Trailers before 2010 had more soul and effort. Nowadays, trailers have to copy the exact tried and trued formula as Inception or Deadpool, making movies less interesting. I miss Don LaFontaine, Hal Douglas and Mark Elliott, bros.(:_(
 
The original show always seemed like a neat premise, but I've never watched it. I suppose it's a property to safely reboot without people complaining because no one cares.

So it's pretty much like that crappy 2020 Fantasy Island movie, right?
 
Gosling lost so much respect for me just for being in the Barbie movie alone. I don't get why you faggots still like him after that pathetic stunt.
I saw Ryan Gosling at a grocery store in Los Angeles yesterday. I told him how cool it was to meet him in person, but I didn’t want to be a douche and bother him and ask him for photos or anything.

He said, “Oh, like you’re doing now?”

I was taken aback, and all I could say was “Huh?” but he kept cutting me off and going “huh? huh? huh?” and closing his hand shut in front of my face. I walked away and continued with my shopping, and I heard him chuckle as I walked off. When I came to pay for my stuff up front I saw him trying to walk out the doors with like fifteen Milky Ways in his hands without paying.

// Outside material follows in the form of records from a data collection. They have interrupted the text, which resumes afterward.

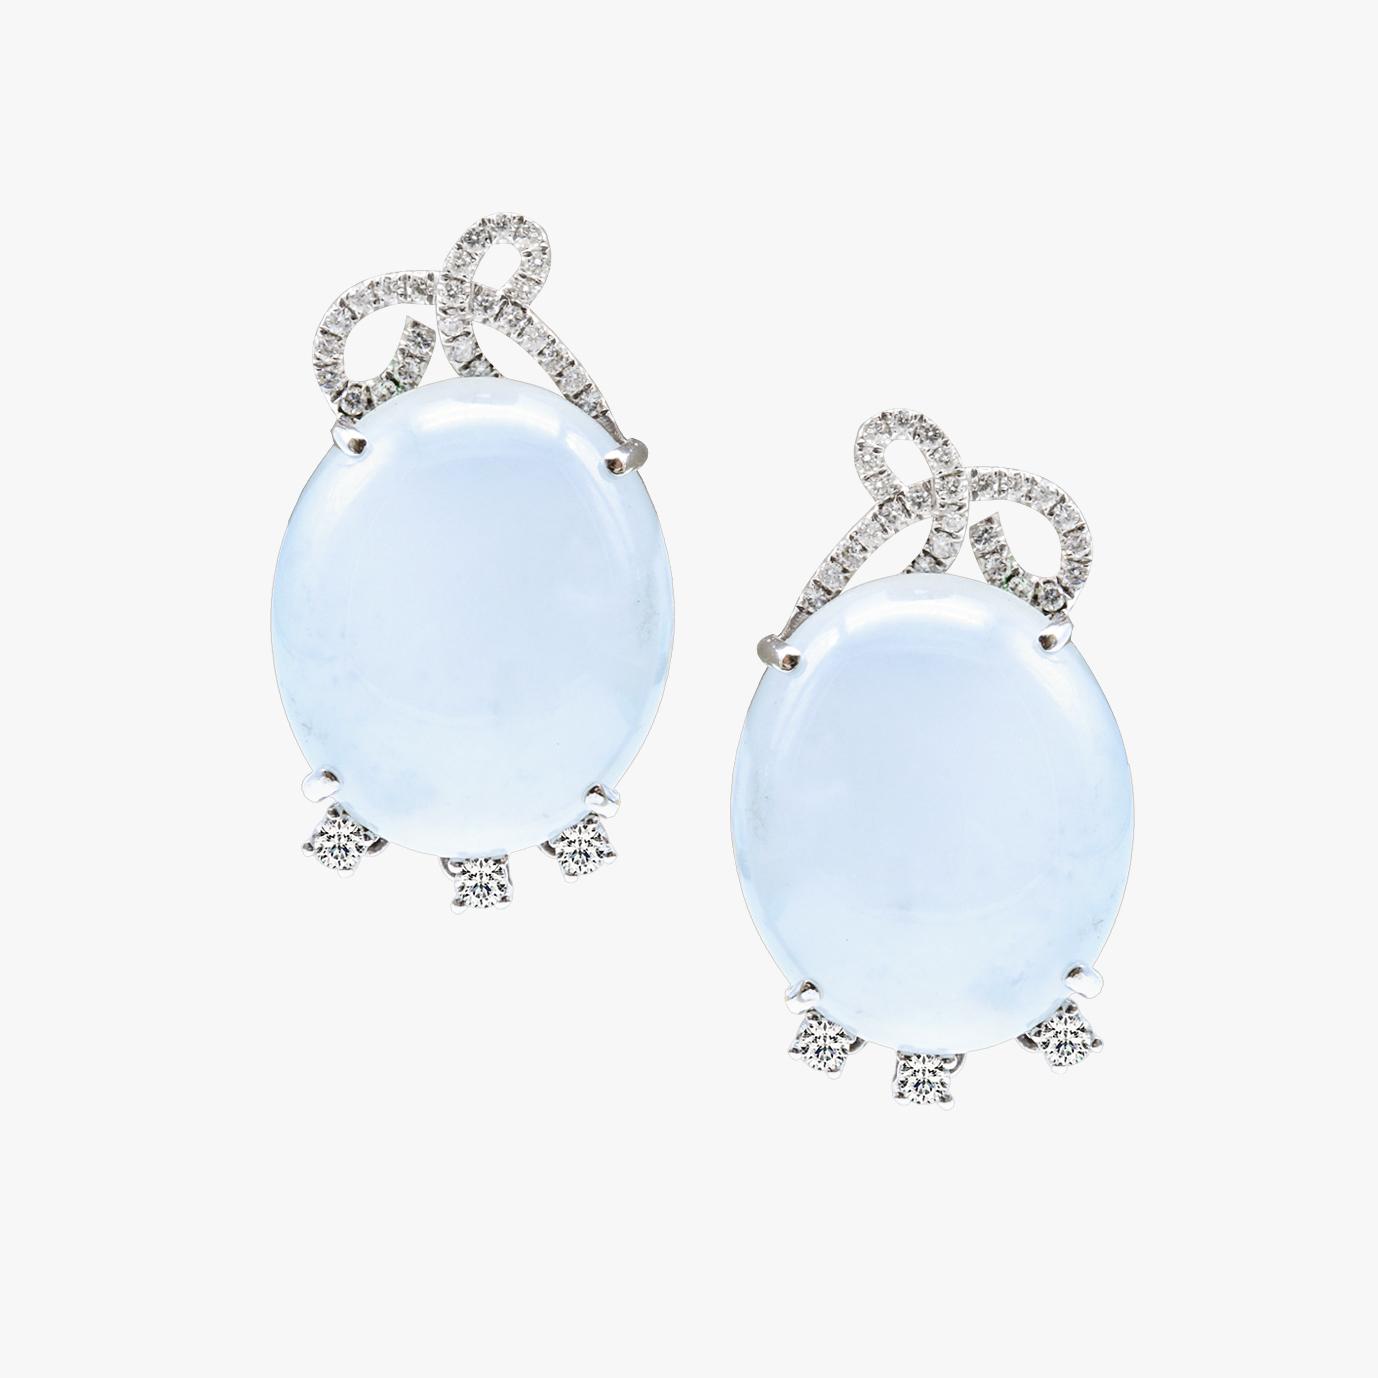 Clear Cabachon Jadeite Jade Earrings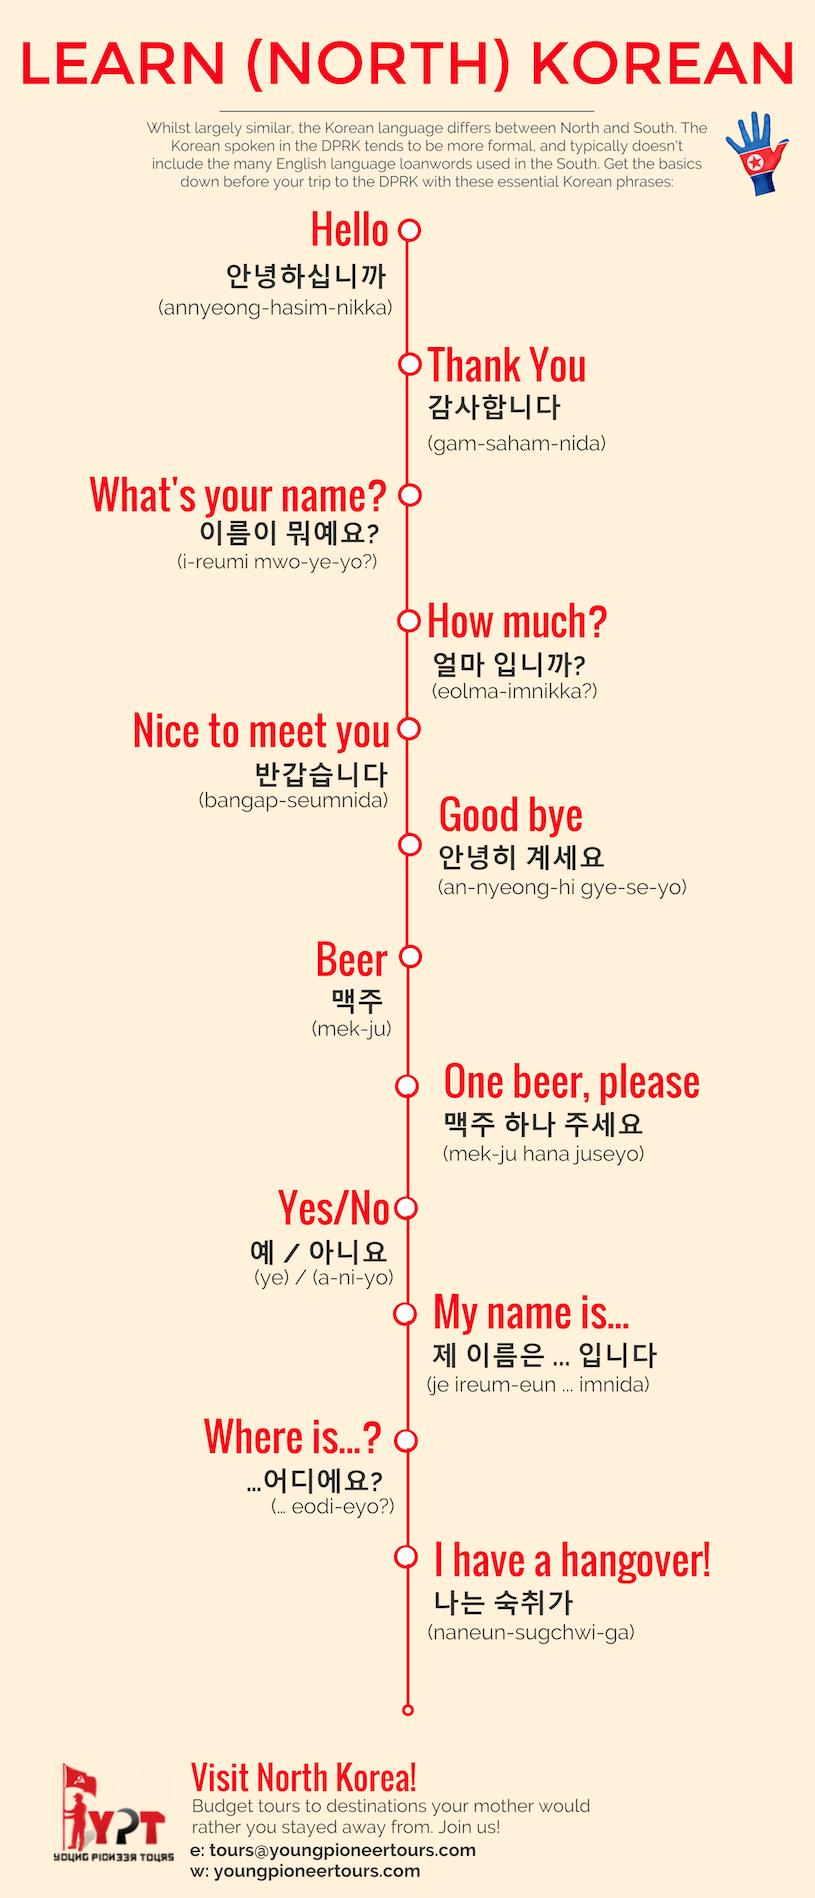 north korea language infographic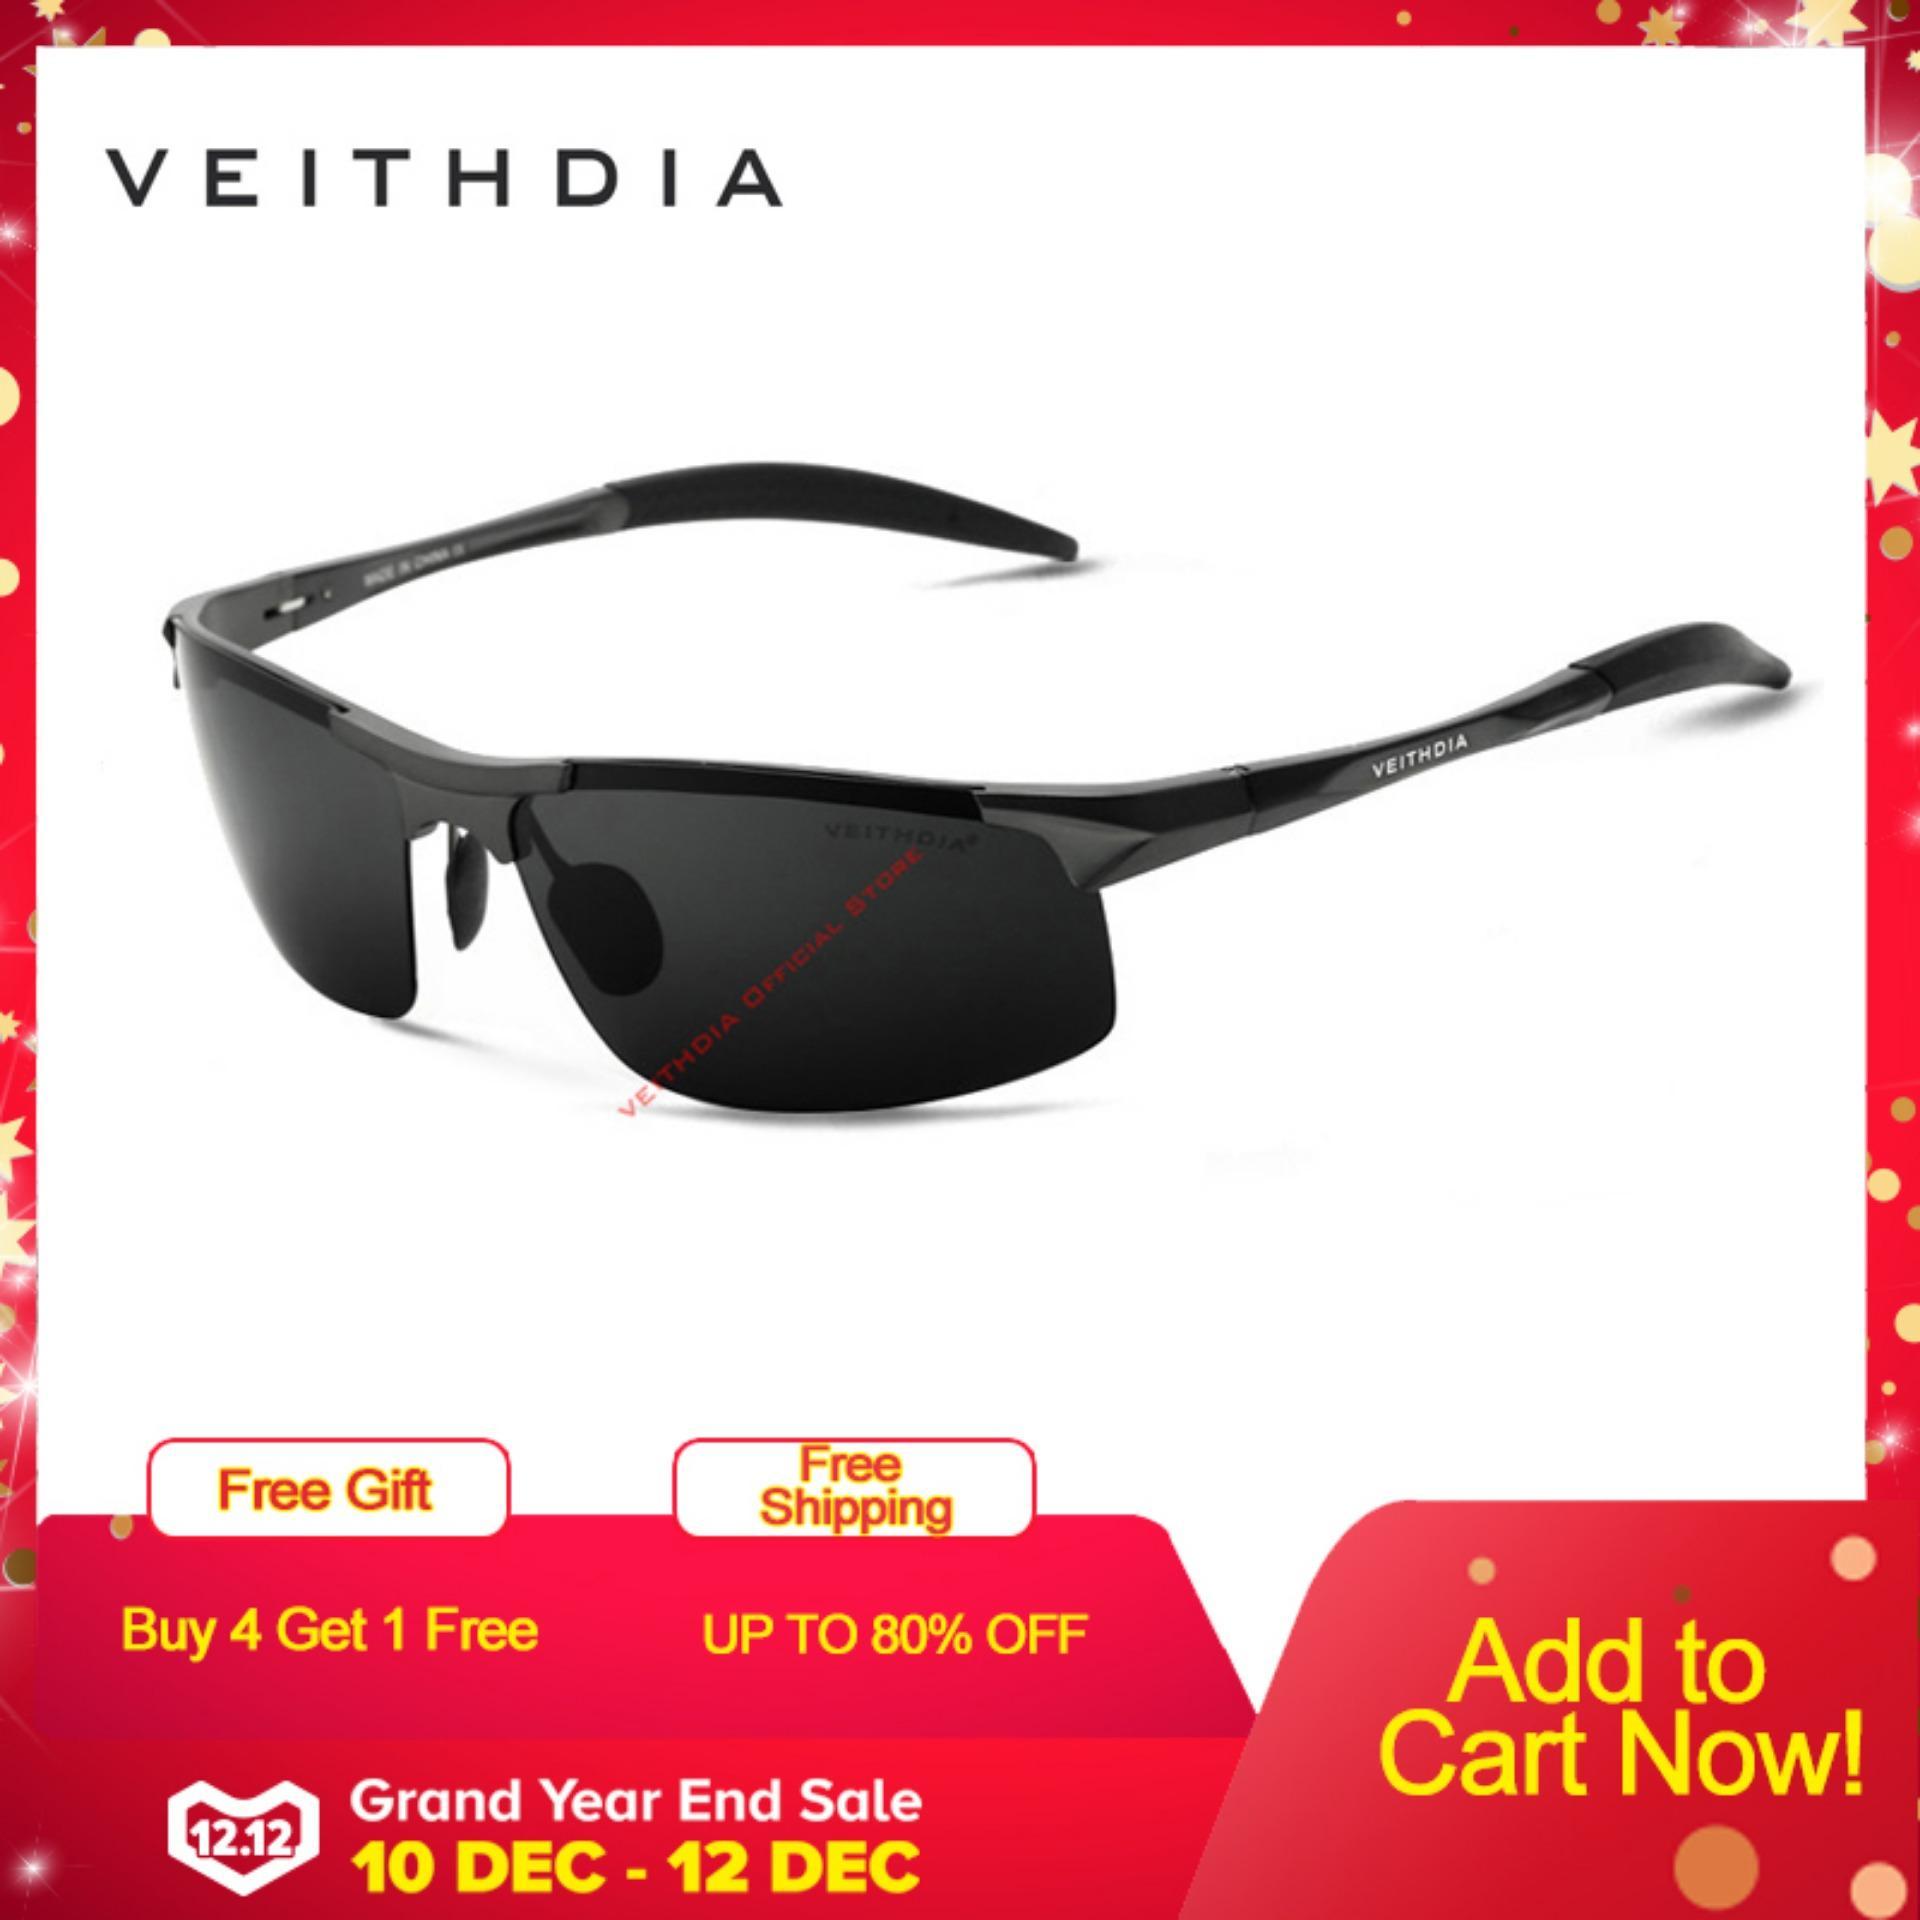 COD+Pengiriman Gratis VEITHDIA Kacamata Hitam Sport Berkendara Bahan  Alumunium Lensa Polarisasi Aksesoris untuk f4eea4ae97

The girl at the counter was very nice about it and professional, and was like “Sir, you need to pay for those first.” At first he kept pretending to be tired and not hear her, but eventually turned back around and brought them to the counter.

When she took one of the bars and started scanning it multiple times, he stopped her and told her to scan them each individually “to prevent any electrical infetterence,” and then turned around and winked at me. I don’t even think that’s a word. After she scanned each bar and put them in a bag and started to say the price, he kept interrupting her by yawning really loudly.